С этим связан другой принцип, о котором уже шла речь ранее, — принцип всеобщего господства справедливости. На справедливости строится мир, и нарушение ее грозит всеобщим хаосом и разрушением. Справедливость — одновременно и нравственное, и космическое начало. Ему должна быть подчинена вся человеческая деятельность. Отход от этого принципа означает нарушение божественных установлений и естественного права. Справедливость понималась чрезвычайно широко и многообразно. Она предполагала и благость Бога, и основу политического устройства и правосудия, и одну из главнейших христианских добродетелей — чистоту и святость жизни, личную справедливость, проявлявшуюся в поведении, и состояние правоты, и врожденное стремление к добру всех Божьих творений; социальную справедливость Гуго из Сен Виктора определял как «то, чем поддерживается гармония общего и что не отказывает каждому в его заслугах» (100, 60). Справедливость понимается как сверхиндивидуальная категория, которой подчиняются все поступки и помышления отдельных лиц. Поэтому в принципе справедливости реализовалось отношение частного и целого: индивид должен был подчинять свои интересы социуму вследствие требований высшей справедливости. Это не вело к забвению конечной цели человеческого бытия — спасения индивидуальной души, но выражало идею, что никто не имеет права произвольно распоряжаться своей собственностью. Однако учение о справедливости в средневековой ее интерпретации не имело ничего общего с понятием равенства. Теологи проводили радикальное различие между безгрешным состоянием первых людей до грехопадения и состоянием падшего человечества. В этом последнем состоянии оказываются неизбежными и частная собственность, и неравенство людей, вызванное происхождением, успехом, имущественным достатком. Неравенство людей на земле аксиоматично для католических мыслителей.

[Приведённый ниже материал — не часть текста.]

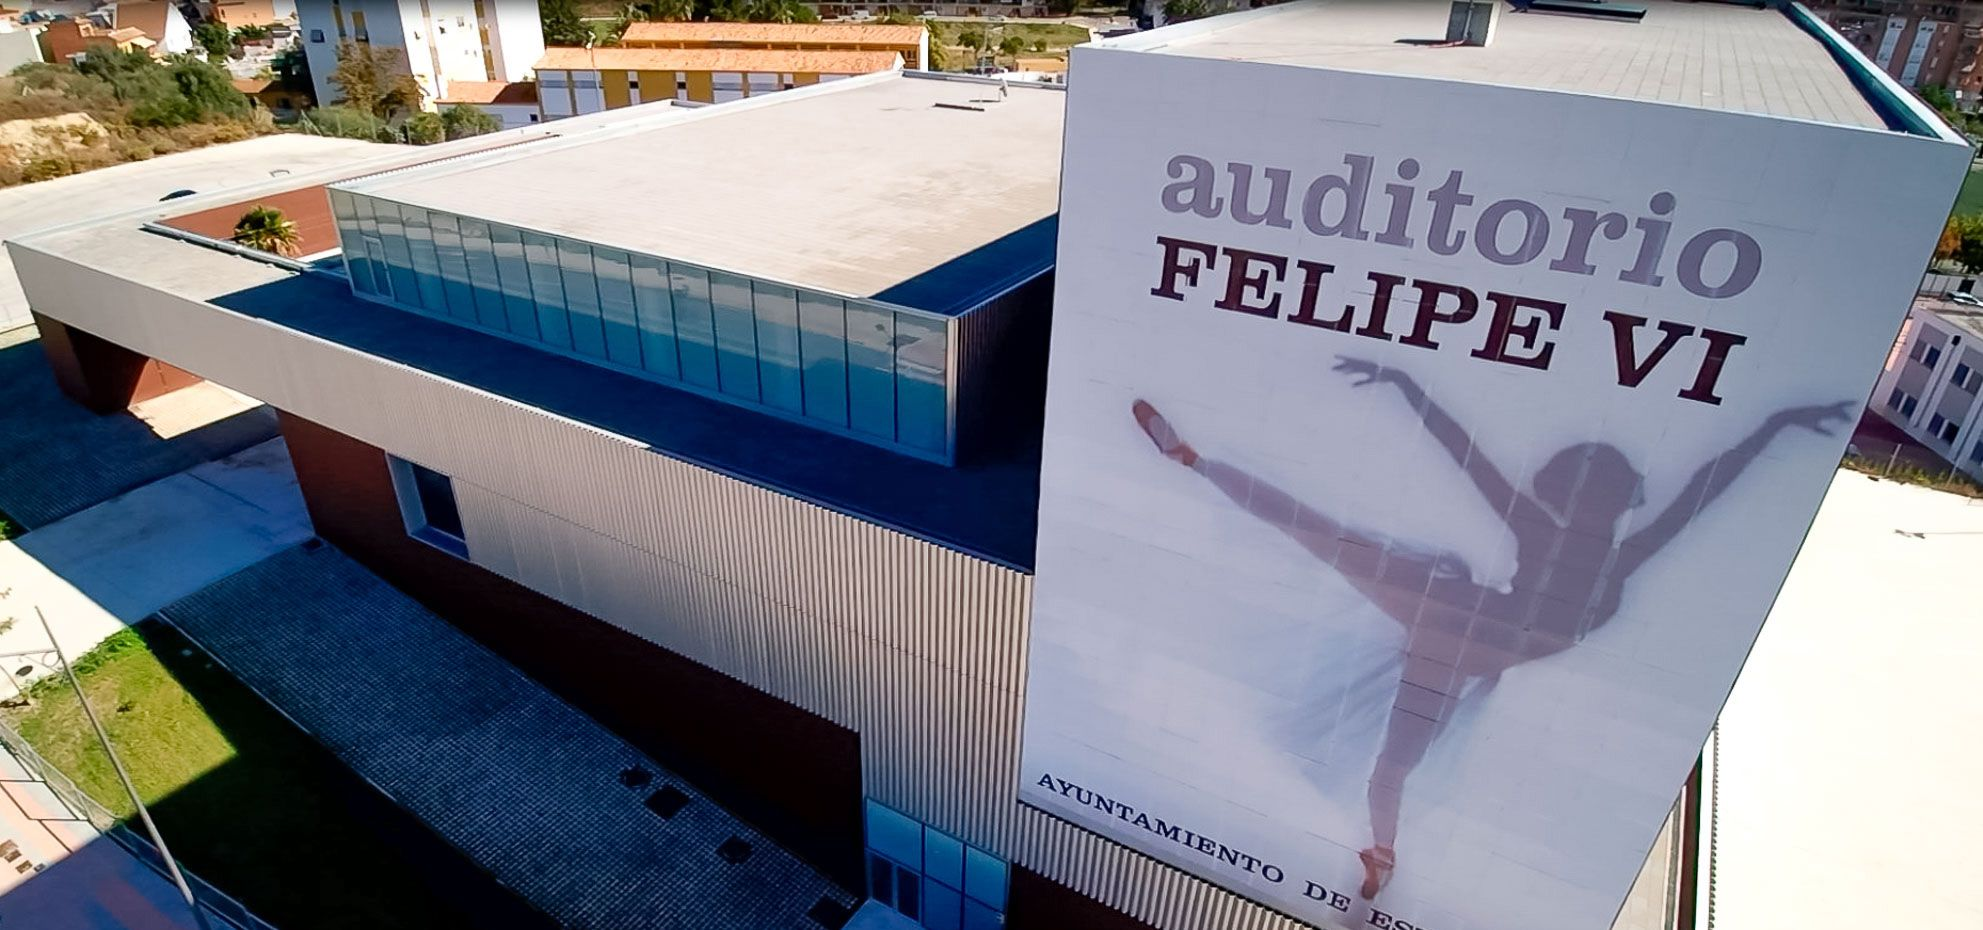 Auditorio Felipe VI, Estepona (Málaga)

Эти принципы образовывали понятийную форму, в которую отливались концепции средневековых богословов, в частности, и развиваемые ими положения о «справедливой цене» и недопустимости ростовщической наживы. Отправной материал для своих построений они находили в Евангелии — источнике всей средневековой мудрости. «Во всем как хотите, чтобы с вами поступали люди, так поступайте и вы с ними» (Матф. ,7:12).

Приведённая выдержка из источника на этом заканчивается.